Sir Alexis began to get well, and he was grateful, so far as he was able, for the devotion she had shown him. But yet his gratitude was tinctured by blame.
“It is very kind of you to nurse me; but when you think of the circumstances, Innocent, it would be still kinder not to wear out and tire yourself,” he said, in the half-weary tone of a man bound to give thanks, yet more willing to find fault. Very gentle was his fault-finding—but still it was fault-finding. He allowed her to sit by him all day as he recovered, but with a servant in the next room to do what he wanted, lest she should be fatigued. Even this consideration for her had a certain tacit reproof in it—a reproof too subtle to wake Innocent’s intellect, but which yet she felt eagerly as an evidence that she had not quite succeeded in pleasing him. He was not angry—he did not scold her; but yet he did not accept her service with that frank and perfect satisfaction which makes service happy. One of these days, however, Sir Alexis’s man, an old servant who had been long with him, got tired in his turn, and was replaced in the ante-room by another not so agreeable to the master.
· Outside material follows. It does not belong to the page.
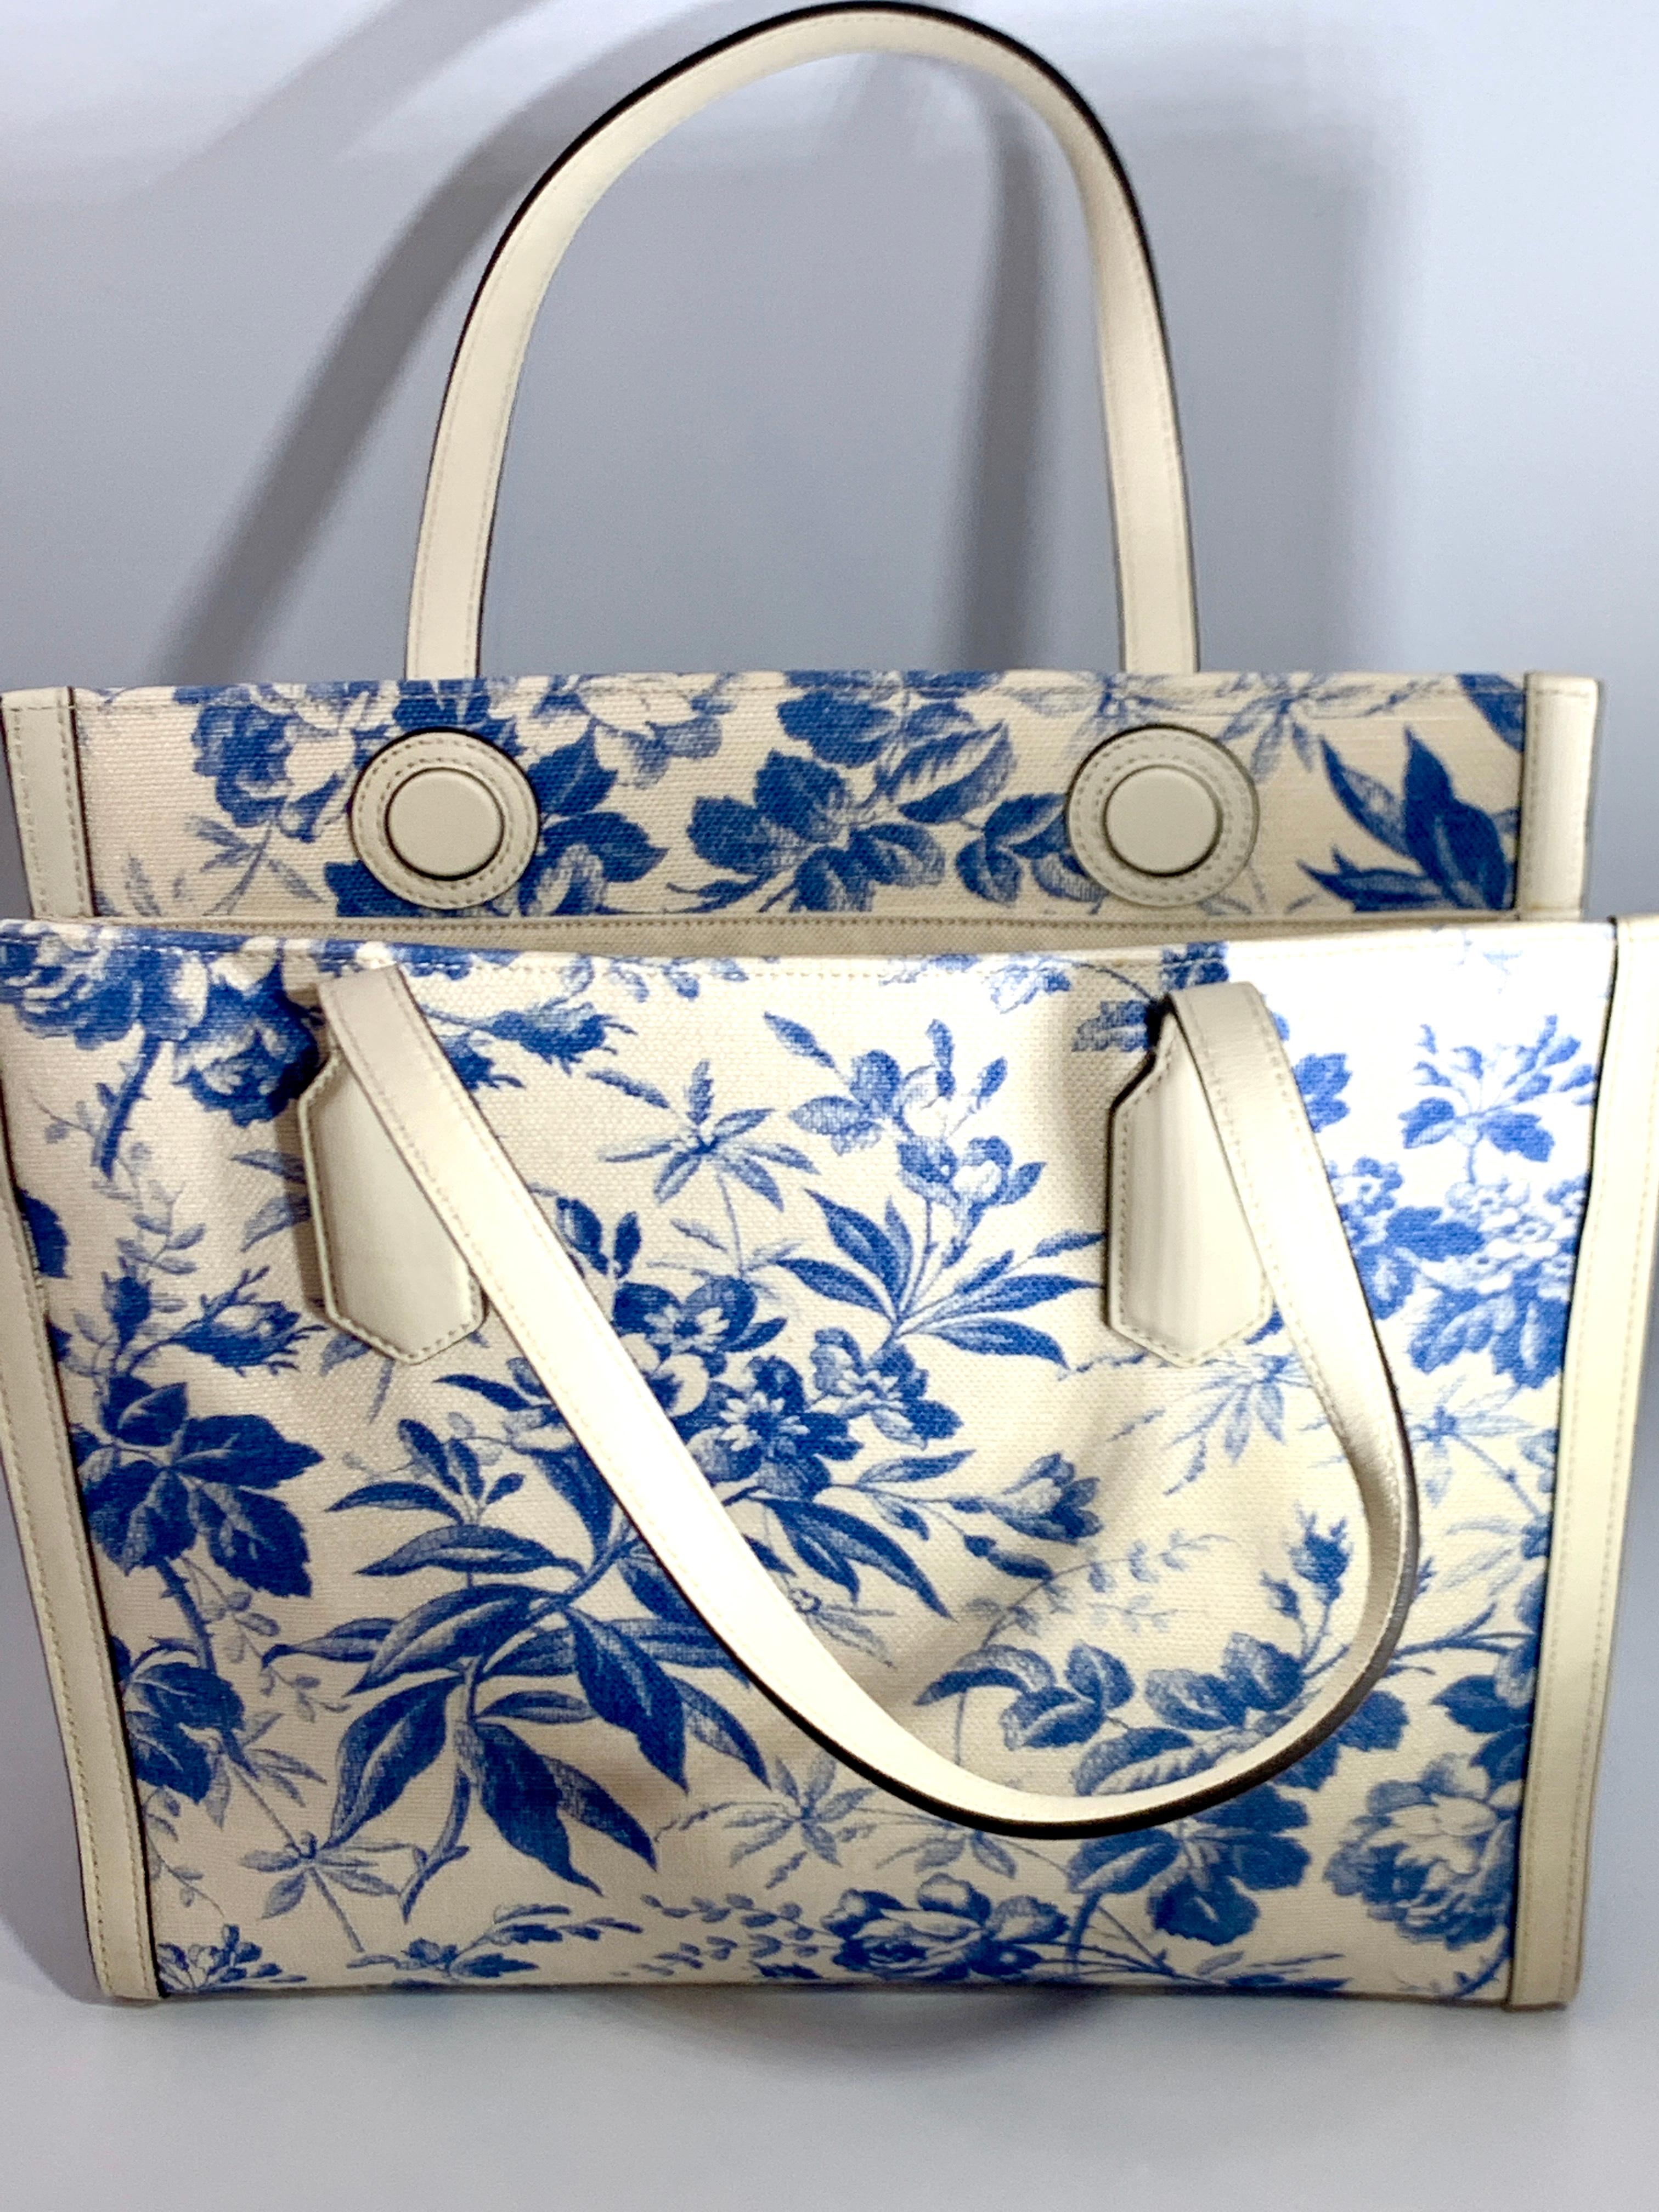  Gucci Flora Whites Canvas Leather Trim Navy Blue With Flowers  Tote Handbag  2

Innocent took her old offices upon her with a furtive delight when she perceived this. She began again to administer her husband’s medicine, to give him his drinks and tonics. In the afternoon the patient became a little cross and restless. Something disturbed his calm, I cannot tell what—some crease in his pillow, some twist of the coverlet, or something, perhaps, in the news of the day which Innocent had been reading. His mind took that evil turn which makes a man ready to be irritated by every trifle, to think of everything that is uncomfortable, and to say many things which are not pleasant to hear. All of us, I suppose, take this ill turn sometimes in the afternoon when the tide of being runs low, and every trifling contradiction becomes a wrong and injury to us. Sir Alexis tried to restrain himself, but he had not entirely succeeded. He even called for his attendant, and consciously vented his ill-temper on the man, that he might not be tempted further; but he had not quite exhausted the vein. Some time after this outbreak Innocent rose softly and went to the table.